Abstract: FR-PO0383
Uncommon Presentations of Primary Aldosteronism: Edema and Hormonal Cosecretion
Session Information
- Hypertension and CVD: Clinical - 2
November 07, 2025 | Location: Exhibit Hall, Convention Center
Abstract Time: 10:00 AM - 12:00 PM
Category: Hypertension and CVD
- 1602 Hypertension and CVD: Clinical
Authors
- Alam, Sreyoshi Fatima, Mayo Clinic Minnesota, Rochester, Minnesota, United States
- Young, William F., Mayo Clinic Minnesota, Rochester, Minnesota, United States
- Garovic, Vesna D., Mayo Clinic Minnesota, Rochester, Minnesota, United States
Introduction
Primary aldosteronism (PA), classically defined by hypertension and hypokalemia, can present atypically with normotension, edema, or hormonal co-secretion. We present two such cases: one in a normotensive, lean woman with chronic edema, and the other in a hypertensive woman with cortisol co-secretion from a right adrenal aldosterone-producing adenoma (APA). These cases expand PA’s clinical spectrum and highlight the importance of individualized evaluation.
Case Description
Case 1: Normotensive PA with Chronic Edema
A 49-year-old woman (BMI 18.3) developed mild hypertension, treated with thiazide diuretics, resulting in hypokalemia. Her BP normalized, thiazide was stopped, but peripheral edema persisted. Labs showed PAC 29.6 ng/dL and PRA 0.5 ng/mL/hr. Imaging was initially read as negative, but re-review revealed left adrenal micronodularity. She chose medical therapy with eplerenone, titrated to achieve PRA >1 ng/mL/hr and normokalemia.
Case 2: Cortisol Co-Secreting Right Adrenal APA in Hypertensive Woman
A 41-year-old woman developed hypokalemia in the third trimester of pregnancy, later diagnosed with postpartum hypertension and persistent edema. Ongoing BP and potassium fluctuations prompted endocrine workup. Initial labs: PAC 21.8 ng/dL, PRA 0.5; repeat: PAC 20.6, PRA 0.9; 24-hour urine aldosterone: 25.8 mcg on high sodium diet (442 mEq). DHEA-S remained consistently low (15–16 mcg/dL), suggesting chronic corticotropin suppression and cortisol co-secretion. A 1-mg dexamethasone suppression test (DST) showed abnormal cortisol (2.7 mcg/dL); 8-mg DST confirmed subclinical hypercortisolism (17.9 mcg/dL). Adrenal vein sampling (AVS) showed marked cortisol and aldosterone lateralization to the right adrenal (cortisol: 1190 vs. 174 mcg/dL; aldosterone: 15,000 vs. 1872 ng/dL), consistent with a right adrenal APA with cortisol co-secretion.

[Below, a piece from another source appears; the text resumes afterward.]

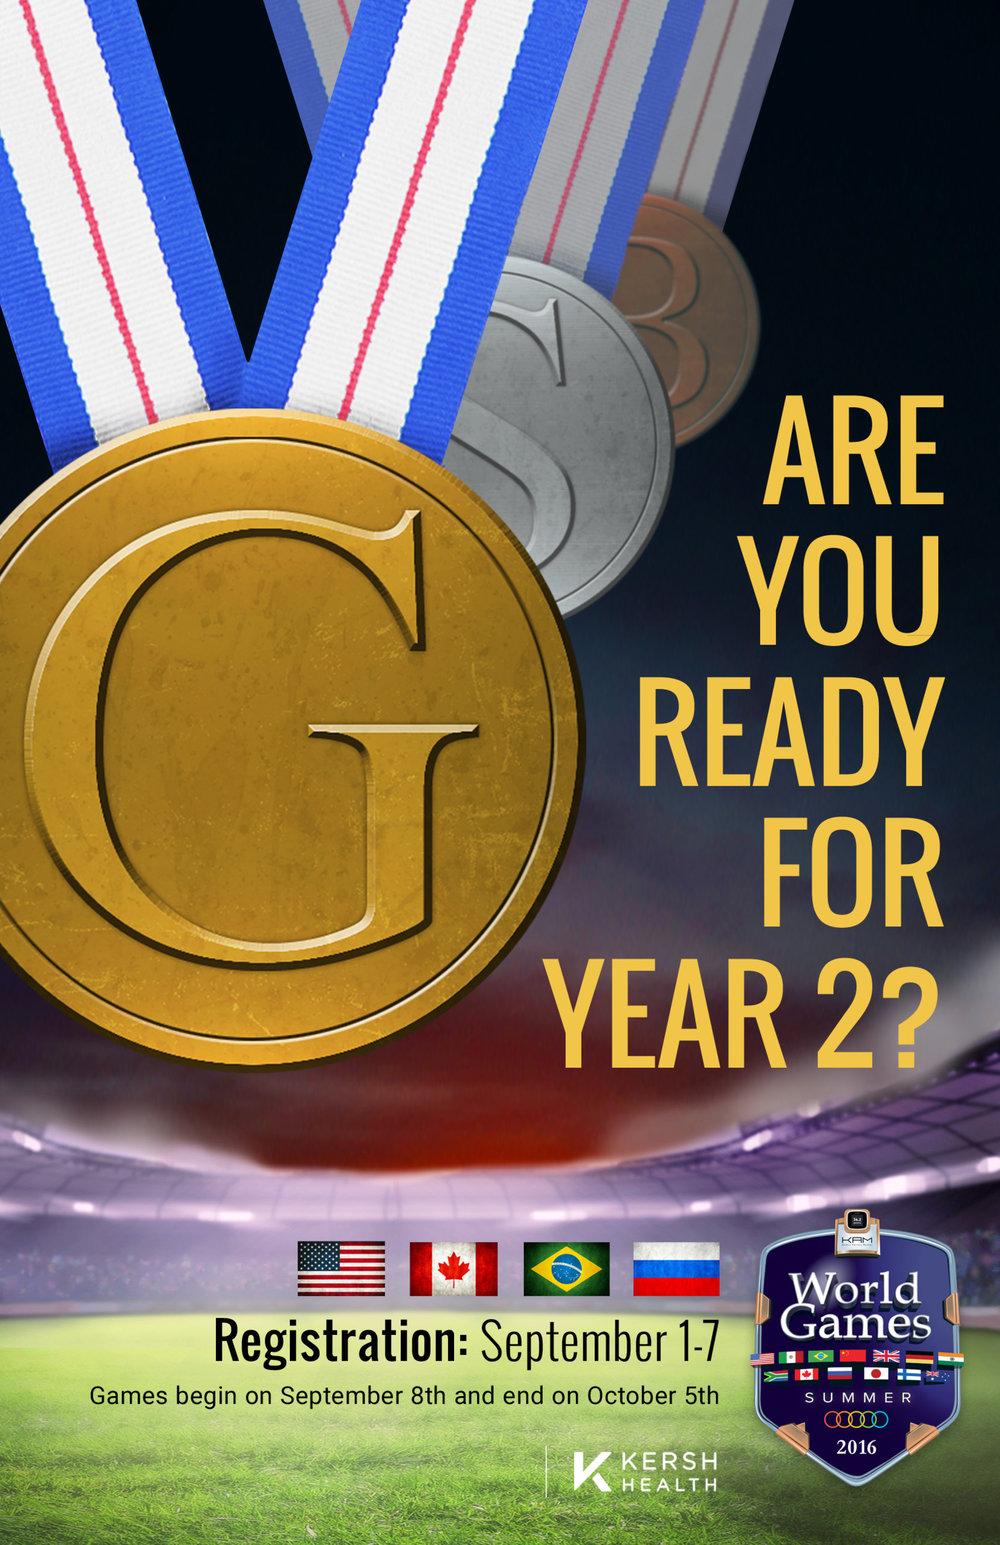 Summer Games - Year 2 Poster.jpg

CT showed a 1.1 cm lipid-rich right adrenal nodule. She underwent laparoscopic right adrenalectomy.
Discussion
These cases illustrate atypical PA presentations. The first shows that PA can exist without hypertension, presenting as edema from aldosterone-driven volume expansion. The second underscores evaluating cortisol co-secretion in PA with adrenal adenomas, as it affects AVS interpretation and management. Both highlight the need for diagnostic approaches beyond the classical PA phenotype.